Aside from testifying—if he lived long enough for that, because he wasn’t going back to the family after last night’s massacre and that would for sure seal his fate with the mob boss—he could wash his hands of this case. And try to figure out what the hell to do with himself going forward. A dismal, yet glaring reality he needed to face—pronto. But right now, he was dragging his feet.
He unwound the elastic cord from the bulging envelop and added his Smartphone to the stash. It had the recording on it, the footage of five men tied to posts and shot executioner-style by Frank’s men, while Frank stood by and watched. He hadn’t done the dirty work, but he’d ordered the murders, and Rourke had caught that command on his phone as well. There was plenty of other evidence to jack Shaughnessy’s program, and all of it as a whole would put an end to one of Chicago’s Irish mob families.

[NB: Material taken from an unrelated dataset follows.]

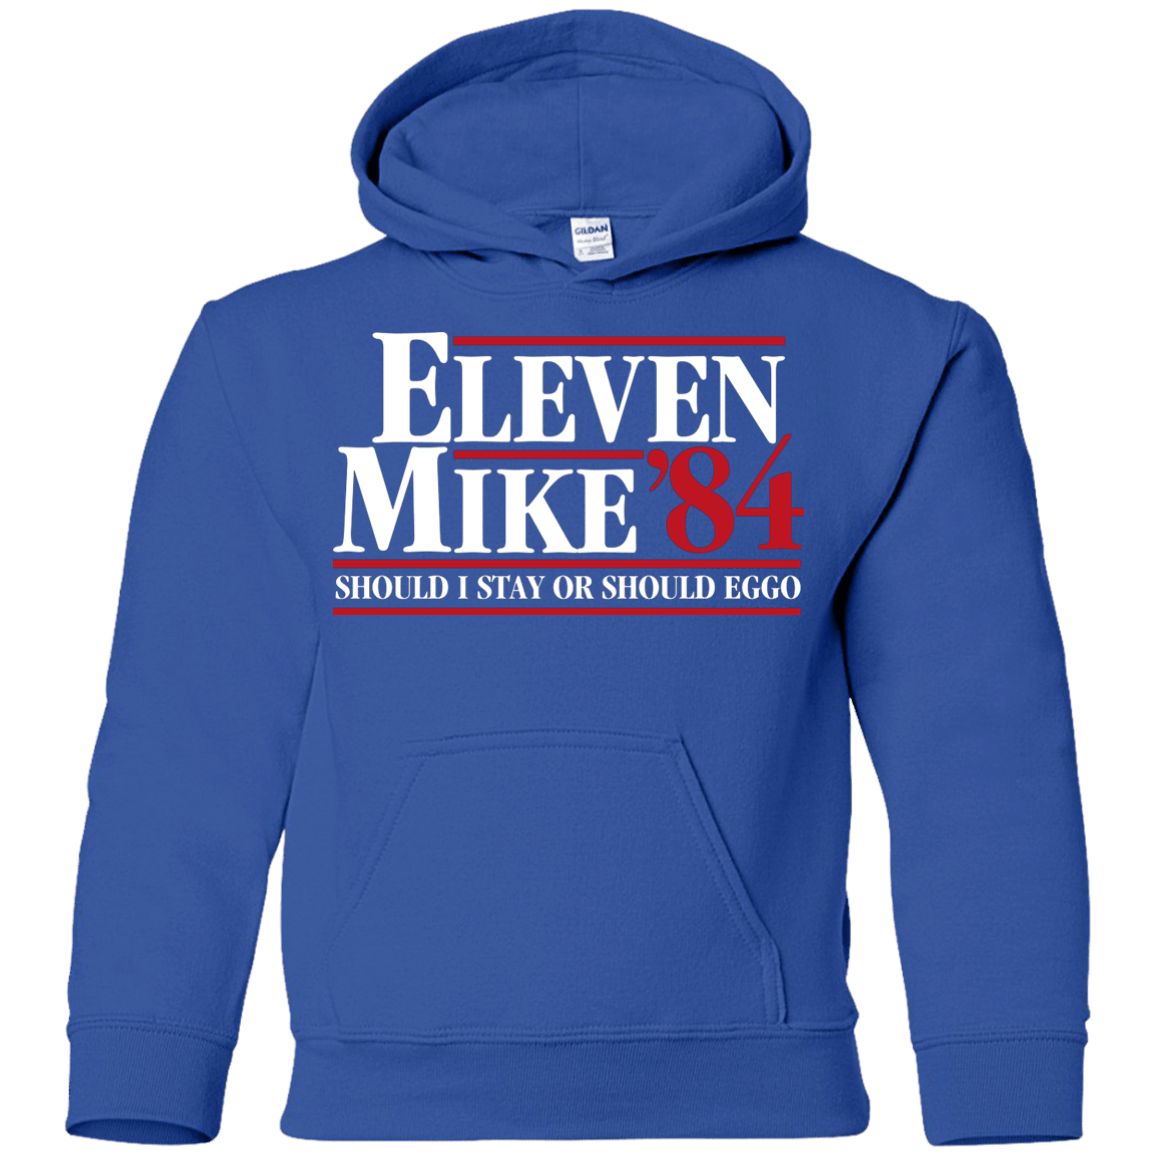 Sweatshirts Royal / YS Eleven Mike 84 - Should I Stay or Should Eggo Youth Hoodie
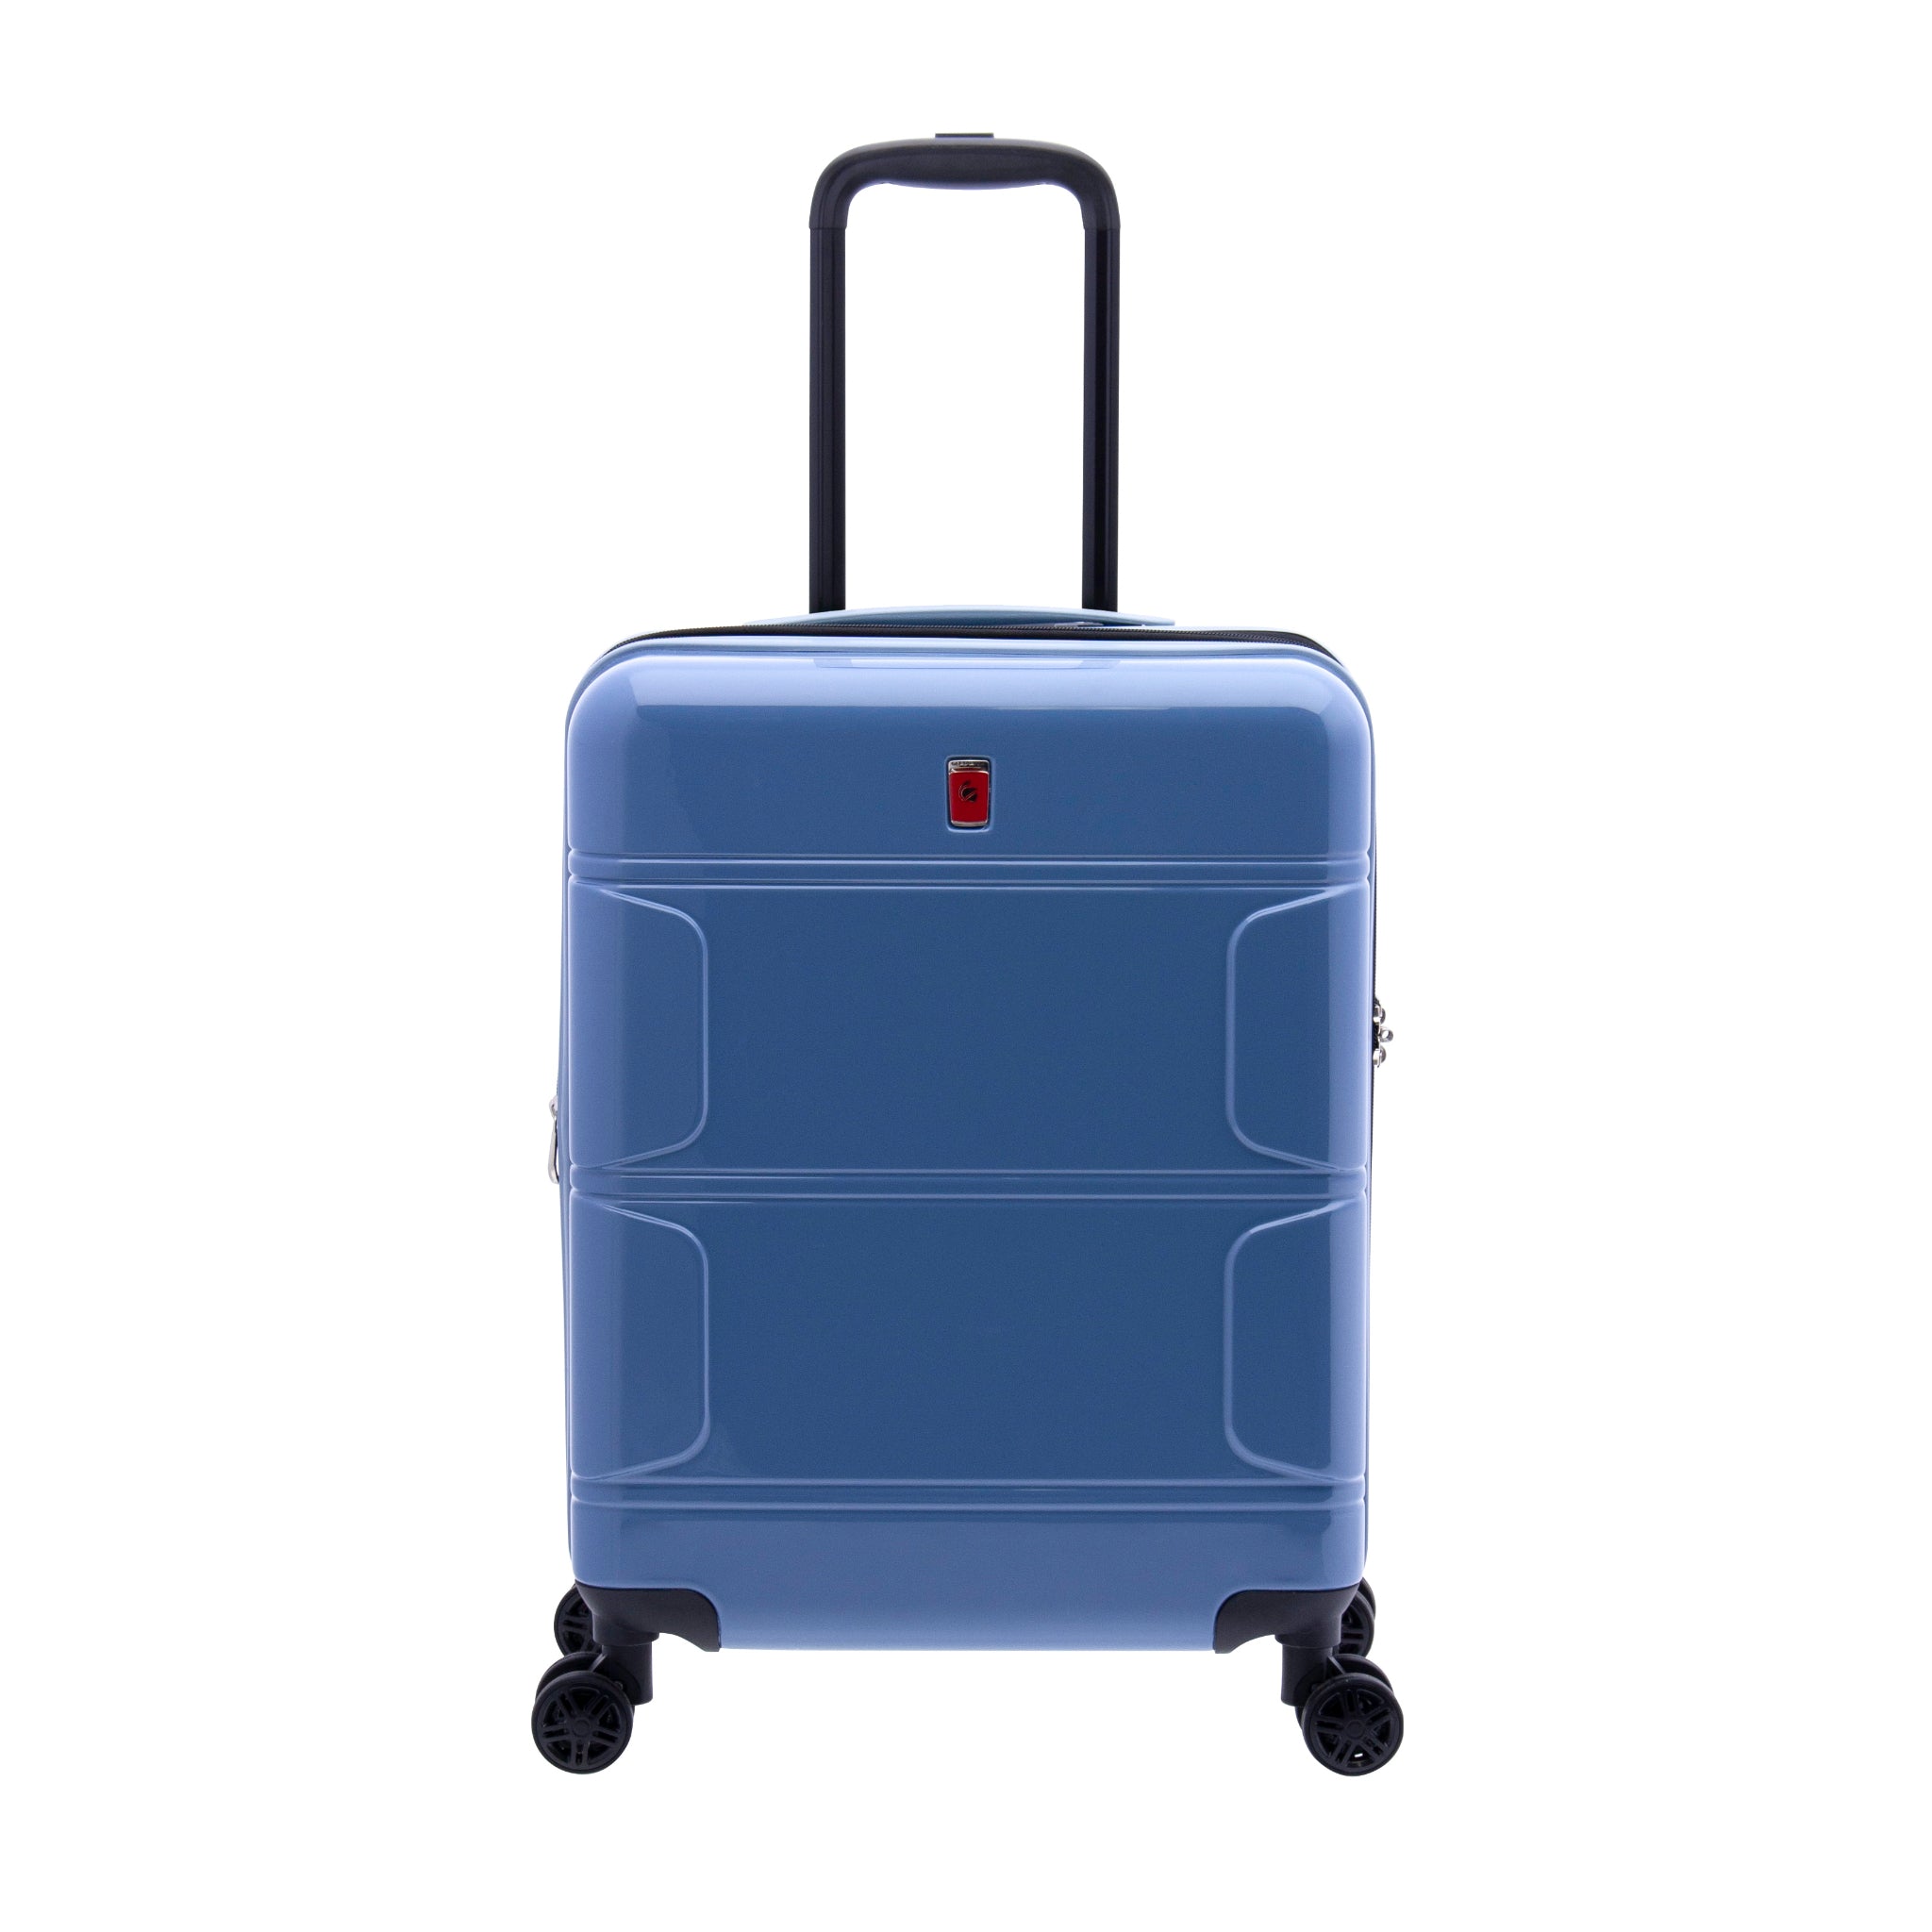 Mochila-maleta Extensible de viaje cabina Vogart Camper (34x55x20

After returning the file to its hiding place, he turned on the small TV that sat on the counter and washed some dishes as he listened to the continuous coverage of today’s Breaking News. Of course, the top story was the murders. Shaughnessy had wanted to send a clear message to one of the other gangs in town—an Italian crew attempting to usurp Shaughnessy’s power—and he’d left the bodies in the warehouse. A ballsy, cocky thing to do. The man obviously thought he was above reproach...and the law.
Rourke needed to get on the phone and share what he knew about all of this with his superiors. What the hell was holding him up?
Maybe he wanted to savor the sweet taste of revenge a bit longer, before Shaughnessy attempted to exact his retribution. Maybe it was the fact Rourke didn’t have an exit strategy in place. He’d begun to doubt this day would ever come. Now that it was here... Well, it was sort of overwhelming to process.
Avoidance worked for him for the moment. After making a halfway decent attempt at cleaning his kitchen, he opened the fridge and inspected the minimal contents. As he calculated in his head the number of days the leftover food had been sitting on one of the shelves—wondering if all the whisky he’d consumed last night would counteract the bacteria growing on week-and-a-half old chili—another news report caught his attention. A robbery and “questionable death” that had taken place downtown.
That piqued his interest. Dead was dead, right?